> [YOUR GOAL]: Copy, word for word, the lines of the listing below from the line with "LAMELLE PER TESTINA" up to and including the line with "In The Night". Drop the pictures.

SUPPLIED RECORDS section start

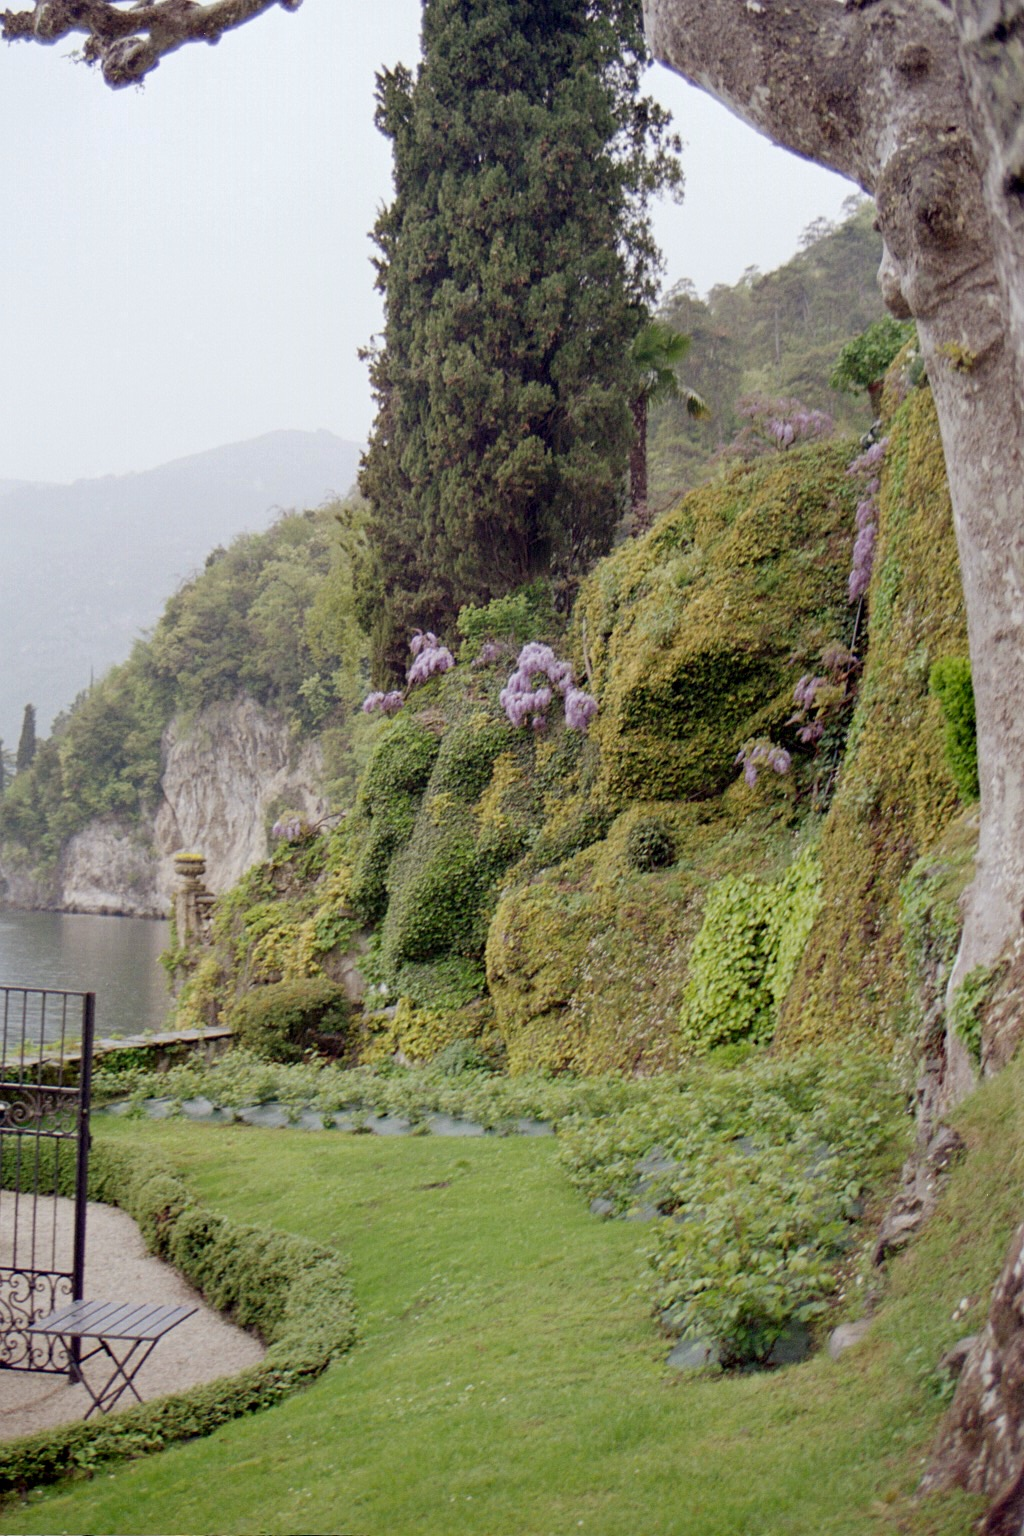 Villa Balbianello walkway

SUPPLIED RECORDS section end
SUPPLIED RECORDS section start

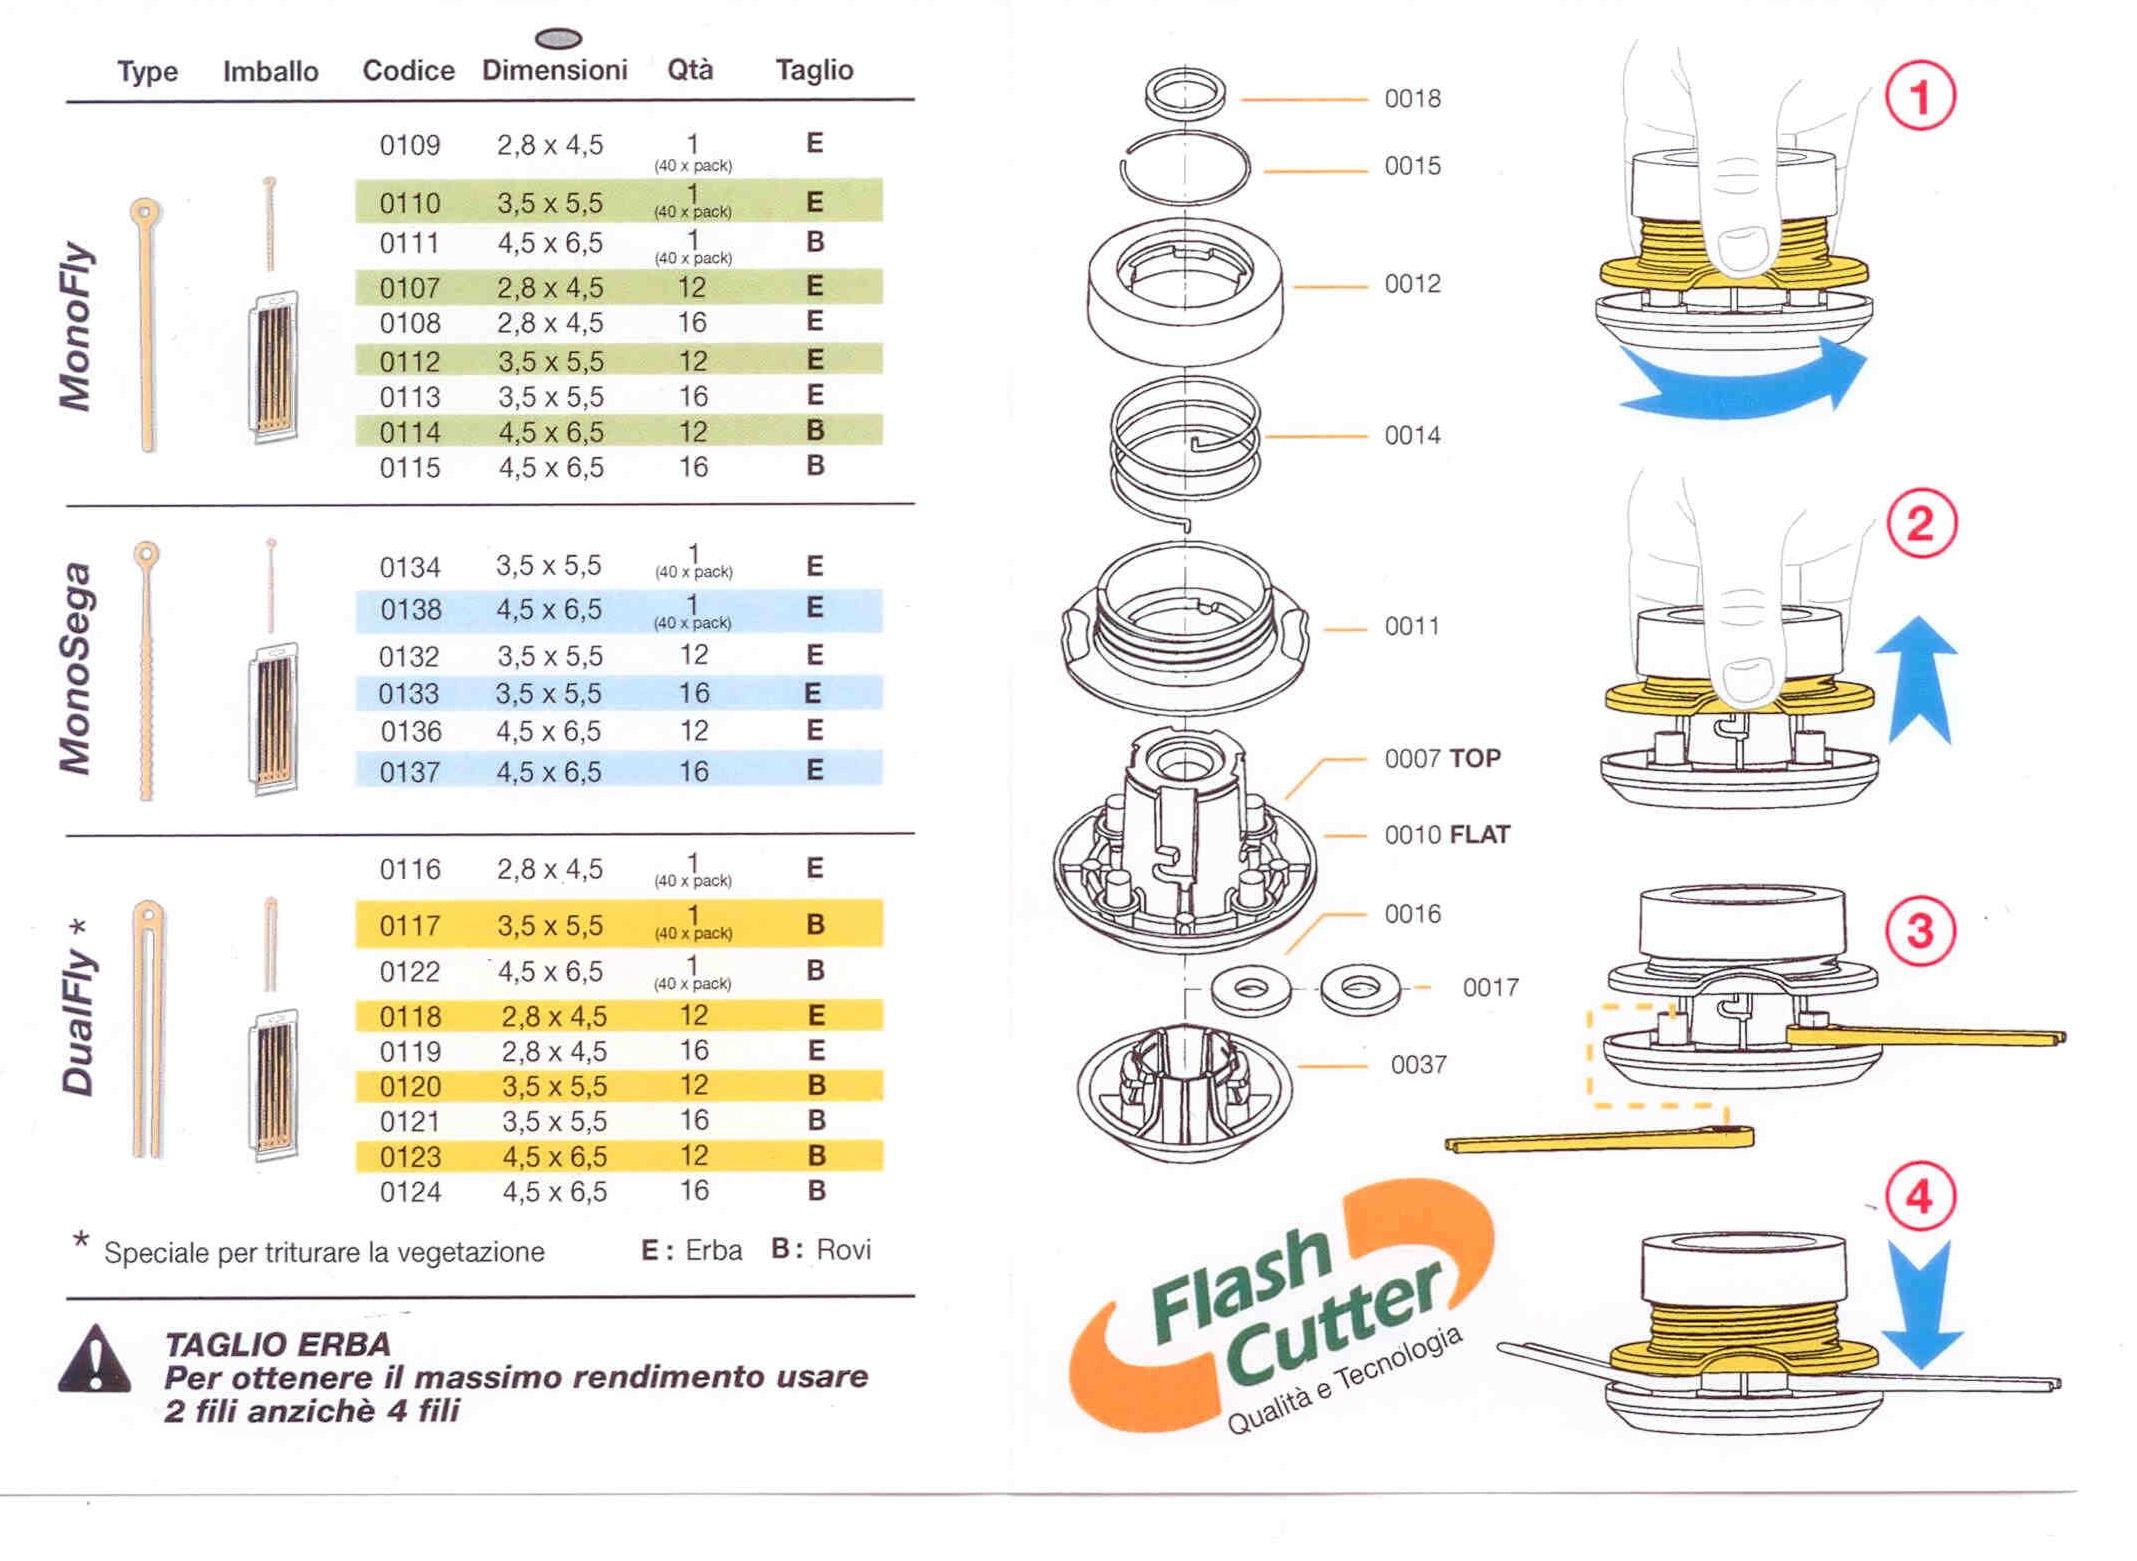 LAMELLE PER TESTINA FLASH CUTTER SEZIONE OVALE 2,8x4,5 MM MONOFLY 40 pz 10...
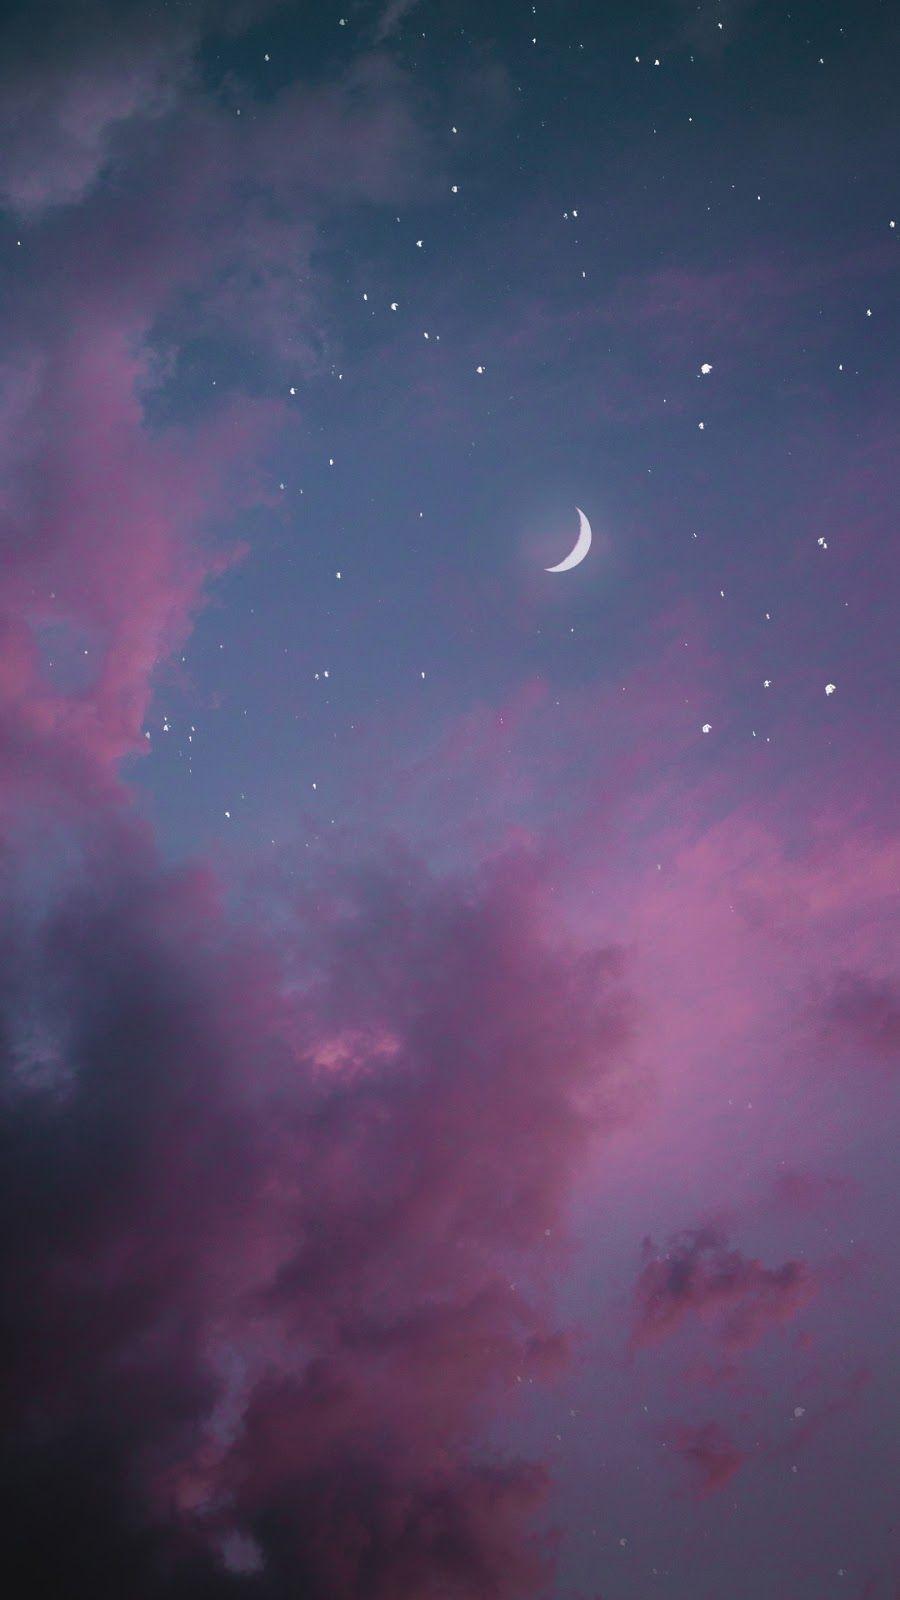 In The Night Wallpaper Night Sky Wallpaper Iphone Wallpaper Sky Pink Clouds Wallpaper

SUPPLIED RECORDS section end

> [YOUR SOLUTION]:
 LAMELLE PER TESTINA FLASH CUTTER SEZIONE OVALE 2,8x4,5 MM MONOFLY 40 pz 10...
 In The Night Wallpaper Night Sky Wallpaper Iphone Wallpaper Sky Pink Clouds Wallpaper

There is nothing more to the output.